The Modified Z-Score (MAD Method)

A more robust alternative replaces the mean with the median and the standard deviation with the median absolute deviation, or MAD. The median is far less sensitive to extreme values. To calculate the MAD, you find the median of your data, subtract it from every observation, then take the median of those differences and multiply by 1.4826 (a scaling constant that makes it comparable to a standard deviation for normal data). Statisticians Iglewicz and Hoaglin recommend flagging any point with a modified Z-score above 3.5 as a potential outlier. NIST endorses this approach over traditional Z-scores.

Influential Points in Regression

In regression analysis, the concern shifts from “is this point extreme?” to “does this point change my results?” A value can be far from others without affecting your regression line much, or it can sit in a position that drags the entire line toward it.

Cook’s Distance is the standard measure for this. It quantifies how much all of your predicted values would change if a single point were removed. Penn State’s guidelines offer a practical rule of thumb: a Cook’s Distance above 0.5 warrants investigation, and above 1.0 the point is quite likely influential. You can also just look for values that visually stand apart from the rest. An influential point doesn’t necessarily need removal, but it does need scrutiny. Run your analysis with and without it and report both results.

Alternatives to Deletion

Removing data always means losing information. Two common alternatives keep every data point while reducing the influence of extremes.

Trimming discards a fixed percentage from both ends of your data (say, the top and bottom 5%) and calculates the mean from what remains.

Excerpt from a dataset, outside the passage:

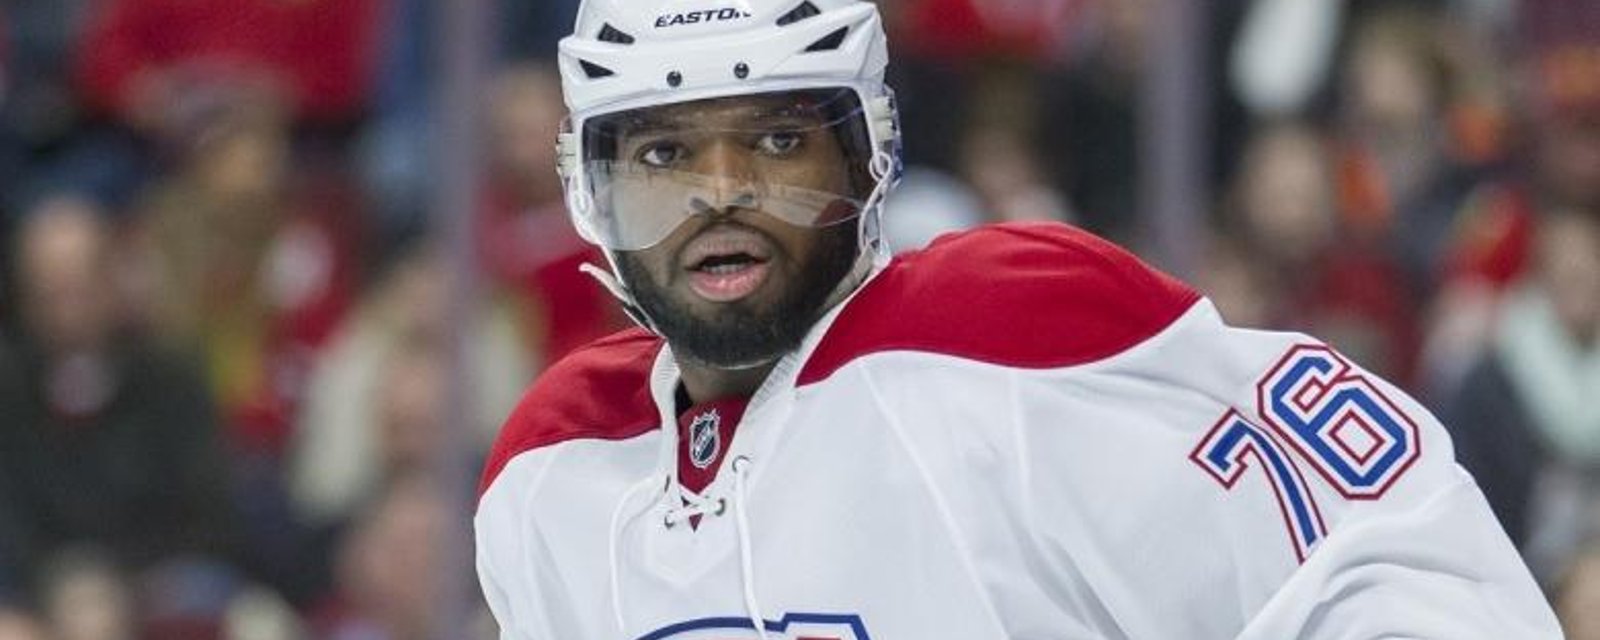 Habs coach throws P.K. Subban under the bus after another loss.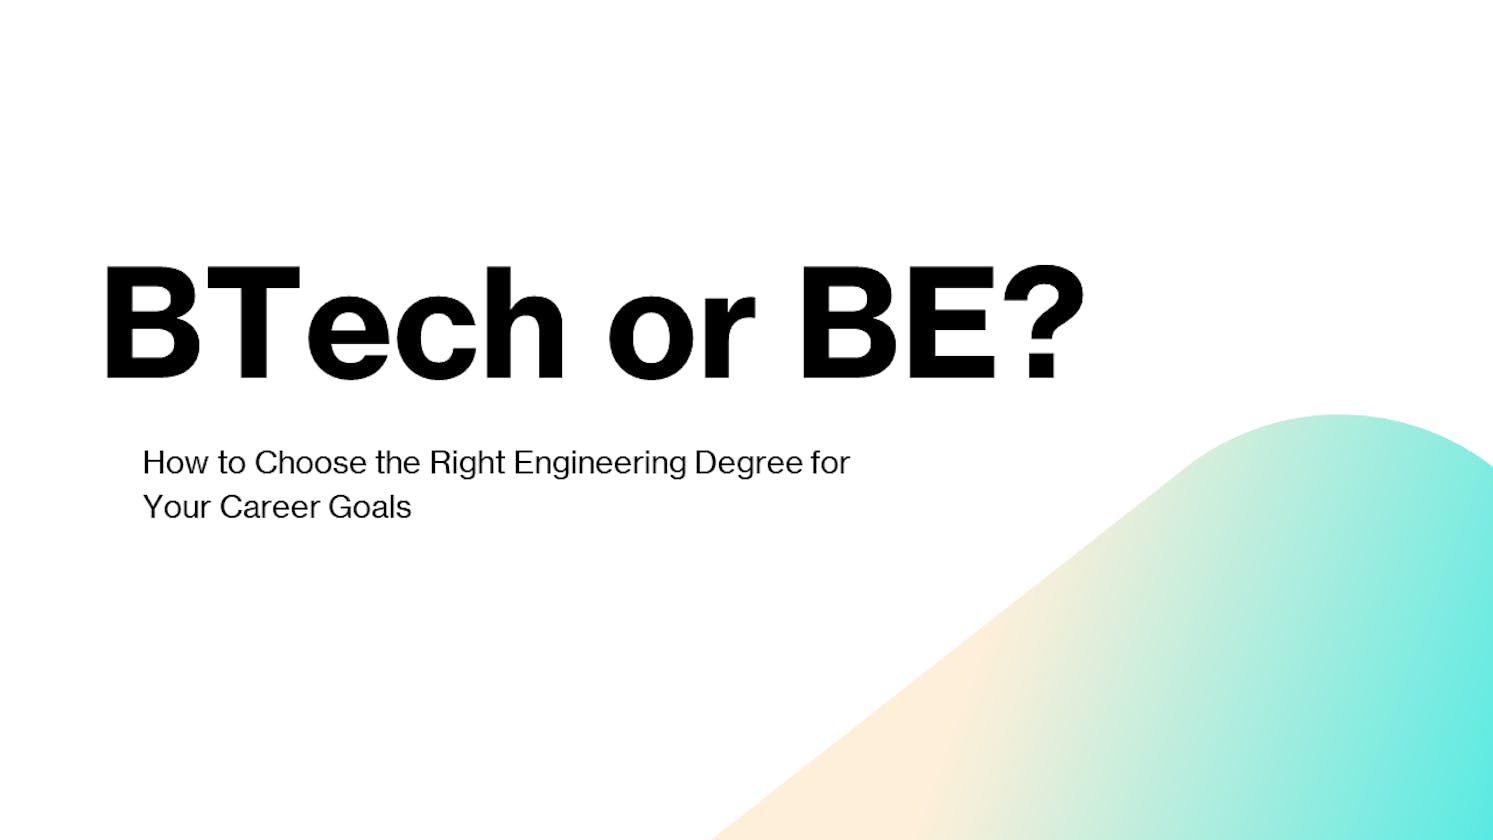 BTech vs BE: Which Engineering Degree is Right for You?

This is straightforward but reduces your sample size.

Winsorizing replaces those extreme values with the most extreme remaining value instead of dropping them. If you winsorize at 5%, the bottom 5% of values all become equal to the value at the 5th percentile, and the top 5% become equal to the value at the 95th percentile. Simulation studies show that winsorizing produces more efficient and more robust estimates than trimming, with roughly 10% better efficiency for each increment of trimming applied. Because winsorizing preserves your full sample size, it’s generally the better choice when you need a resistant measure of center.

A third option is to skip removal entirely and use statistical methods that aren’t sensitive to outliers. Nonparametric tests, robust regression, and median-based analyses all handle extreme values without requiring you to justify deleting them.

How to Document Outlier Decisions

Whatever you decide, transparency is what separates good practice from questionable practice. The ARRIVE guidelines, widely adopted in experimental research, offer a clear standard: report every exclusion, the reasoning behind it, and whether your exclusion criteria were defined before data collection began. If you used a software tool’s built-in outlier test (like GraphPad Prism’s ROUT method), state that explicitly.

Ideally, your exclusion criteria are set in your analysis plan before you see the data. Deciding after the fact which points to drop invites bias, even unintentionally. If you’re working with groups, note whether you were blinded to group assignments when making exclusion decisions. A simple table or flowchart showing how many data points started in each group and how many were excluded (with reasons) gives readers everything they need to evaluate your choices.

The strongest approach is to present your primary analysis with all data included, then show a sensitivity analysis with outliers removed. If your conclusions hold either way, the outlier question becomes moot. If they don’t, that discrepancy is itself an important finding.